AMD Athlon(tm) 64 Processor 3200+ (SSE2)
99      cycles for 100*imul 10
301     cycles for 100*imul 1 - dependent


I see we are converging a little bit - imul latency is down from over 14 to 10 for a P4 and 3 for the NewCaste. Good.

Now the interesting question is perhaps whether latency is more relevant than throughput. Of course, since you are programming in C, you depend very much on what your compiler knows about it. Assembler coders can optimise their code.
Imagine this (rather useless) sequence:

Quote   mov eax, esi
   REPEAT 100
      imul eax, eax, 10
   ENDM
   mov esi, eax

Overall speed depends, as you rightly assume, on latency: the next imul can only start when the previous one has finished.
However, nobody in Masmland stops you from doing other things in parallel:

Quote   mov eax, esi
   REPEAT 100
      imul eax, eax, 10
      mov edi, ebx
      mov ebx, esi
      inc ecx
      dec edx
      dec ebx
   ENDM
   mov esi, eax

And, surprise surprise, both sequences run in four cycles on my slow cheap Celeron M - and imul is the best overall choice...:

QuoteIntel(R) Celeron(R) M CPU        420  @ 1.60GHz (SSE3)
150     cycles for 100*shl 3
410     cycles for 100*shl 3 with five extra instructions
173     cycles for 100*imul 10
287     cycles for 100*mul 10
219     cycles for 100*lea mul10
471     cycles for 100*lea mul10 with five extra instructions
397     cycles for 100*imul 10 - dependent
410     cycles for 100*imul 10 - dependent with five extra instructions
496     cycles for 100*mul eax - dependent
576     cycles for 100*mul eax - dependent with five extra instructions

hutch--

The problem with MUL / IMUL is with blended model programming, everything from i486 up to late PIVs were expensive with multiplication operations. later cores are supposed to have handled muls differently but if you want code that runs OK on most things you need to address how it works on PIVs down. One of the few blessings of 64 bit OS versions is that the hardware must be late enough to run it which means a reasonably late model processor so you are safe with many later faster instructions.

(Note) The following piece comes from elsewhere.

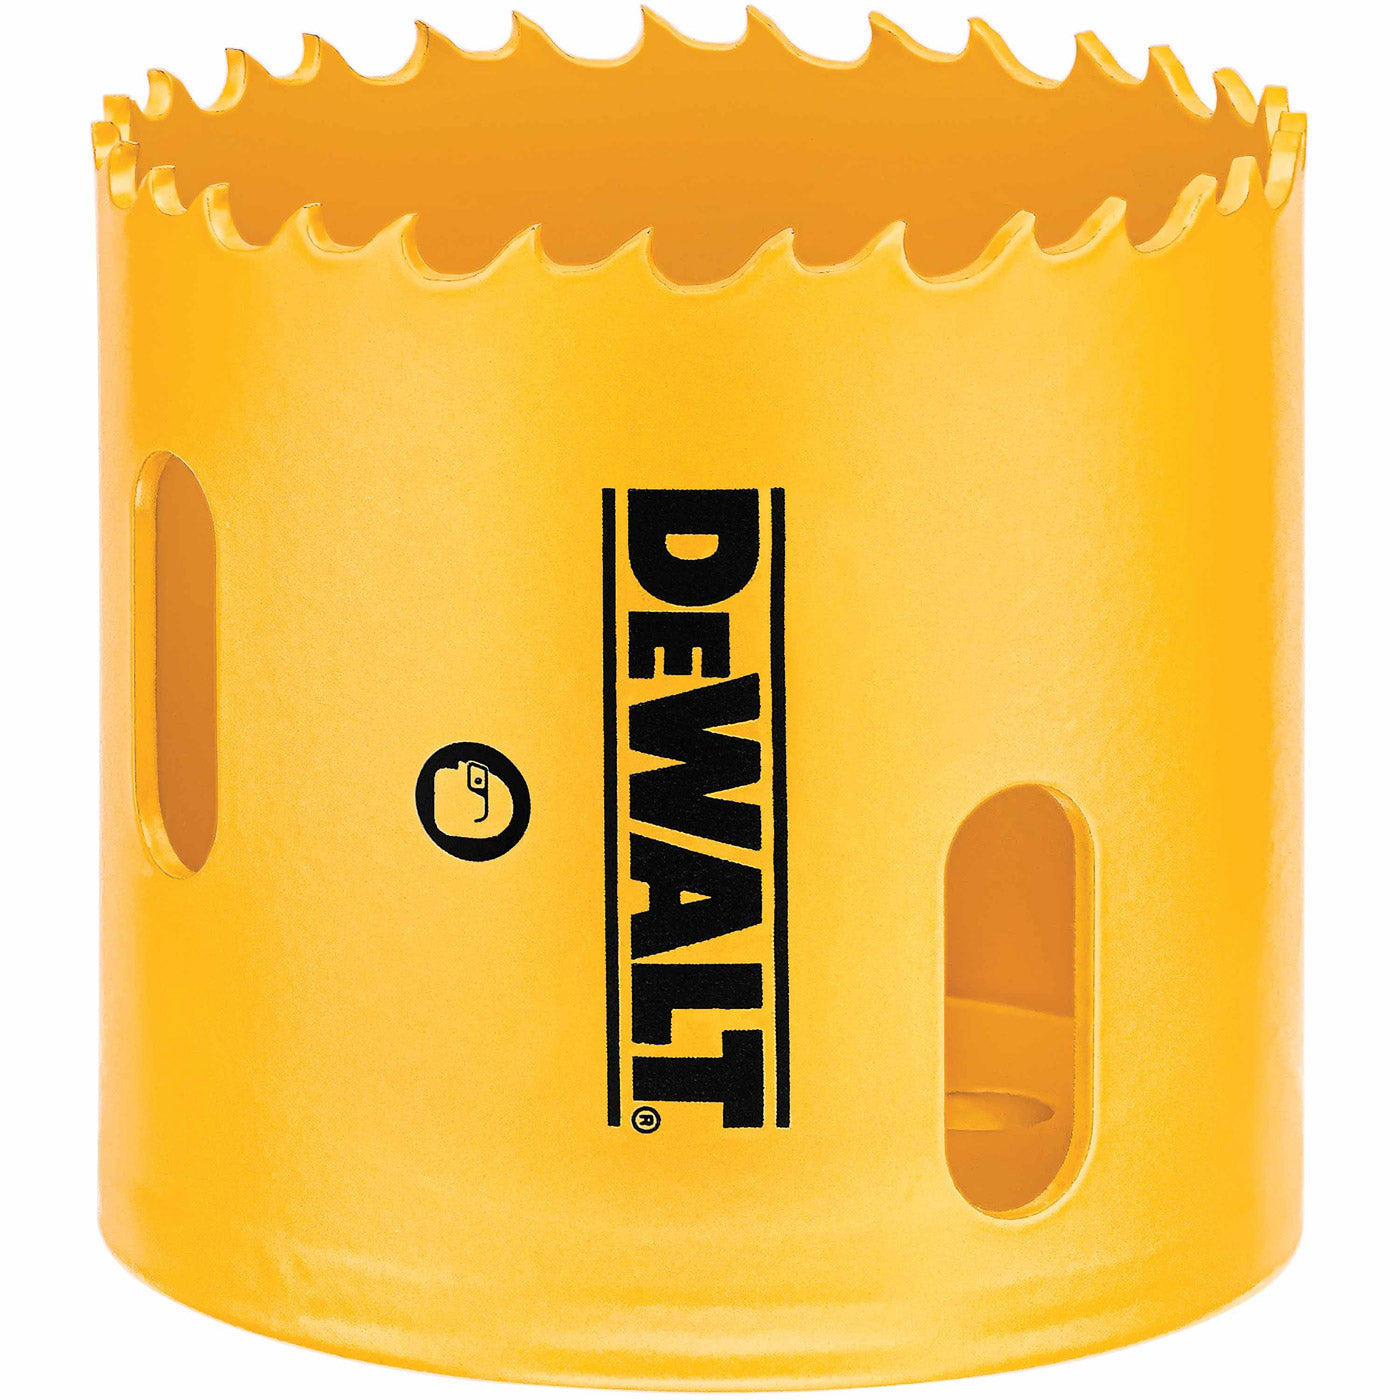 DeWalt D180030 1-7/8" (48mm) Bi-Metal Hole Saw

Code you write with some certainty about the lowest processor that will run it is a lot easier to write and should be faster than code that must run on everything.
Download site for MASM32      New MASM Forum
https://masm32.com          https://masm32.com/board/index.php

clive

Quote from: jj2007
I see we are converging a little bit - imul latency is down from over 14 to 10 for a P4 and 3 for the NewCastle. Good.

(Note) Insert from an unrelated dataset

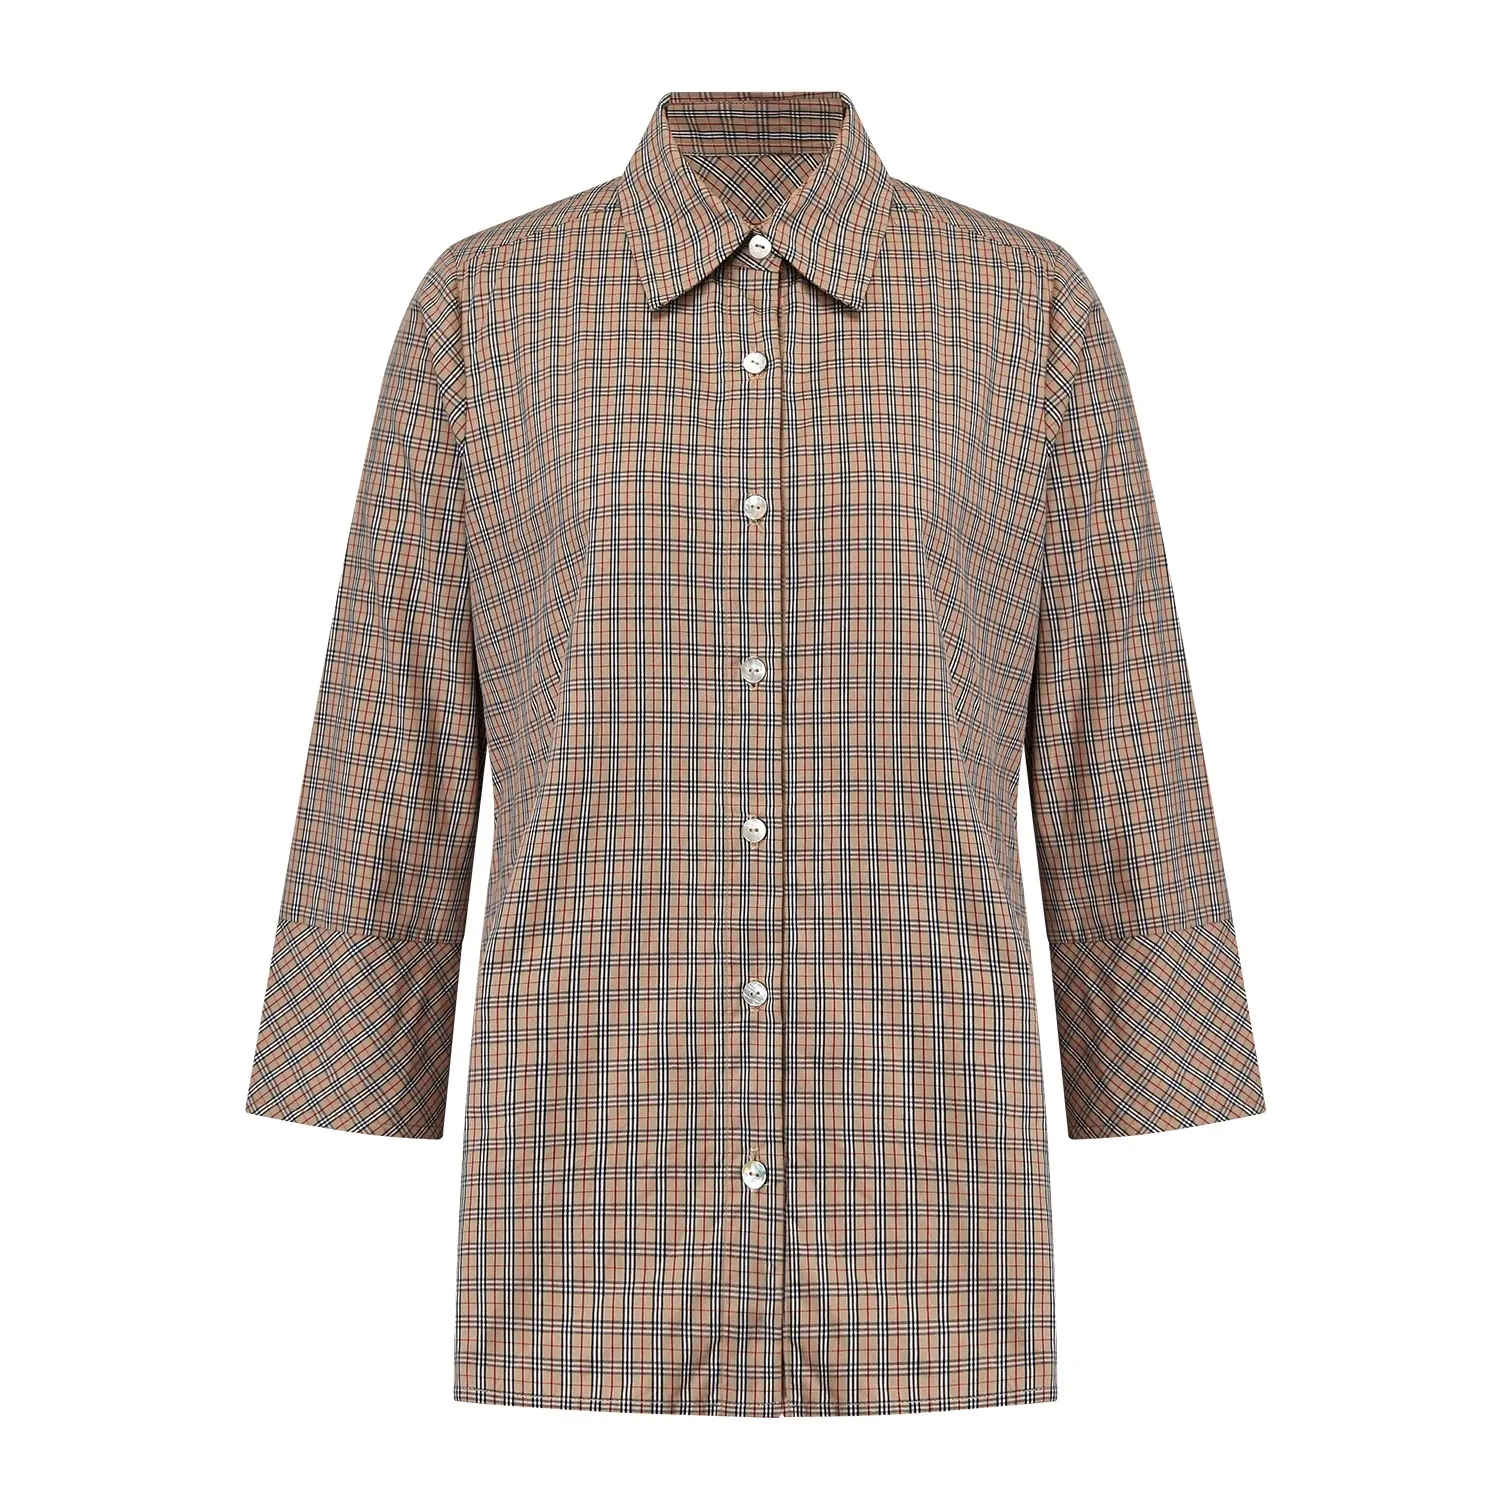 Kunden spezifische Designs Damen Solid Brown Overs ized Button Up Langarm Check Shirts Plaid Ofifce Baumwolle Blusen Frauen

Yes, and the 14 is a Willamette (1st Pentium 4, and source of much derision) number, from the notes I have. I'll demonstrate if you insist. The box is at the out-laws, so not readily accessible, I could get P3 and PPro numbers more readily.

This paper has some good analysis
http://gmplib.org/~tege/x86-timing.pdf

"When compiling with /G7, we produce the faster (but longer) sequence that avoids using the imul instruction, which has a 14-cycle latency on the Intel Pentium 4:"
http://msdn.microsoft.com/en-us/library/aa290055%28VS.71%29.aspx

The problem with optimizing for one architecture is that the installed base is so divergent, so unless the application warrants multiple code paths, and the hideous amount of regression testing require to exercise all paths, one generally focus on a reasonable solution. It makes sense on things like folding, Seti, encryption cracking, etc. but I wouldn't classify these as commercial applications.

-Clive
It could be a random act of randomness. Those happen a lot as well.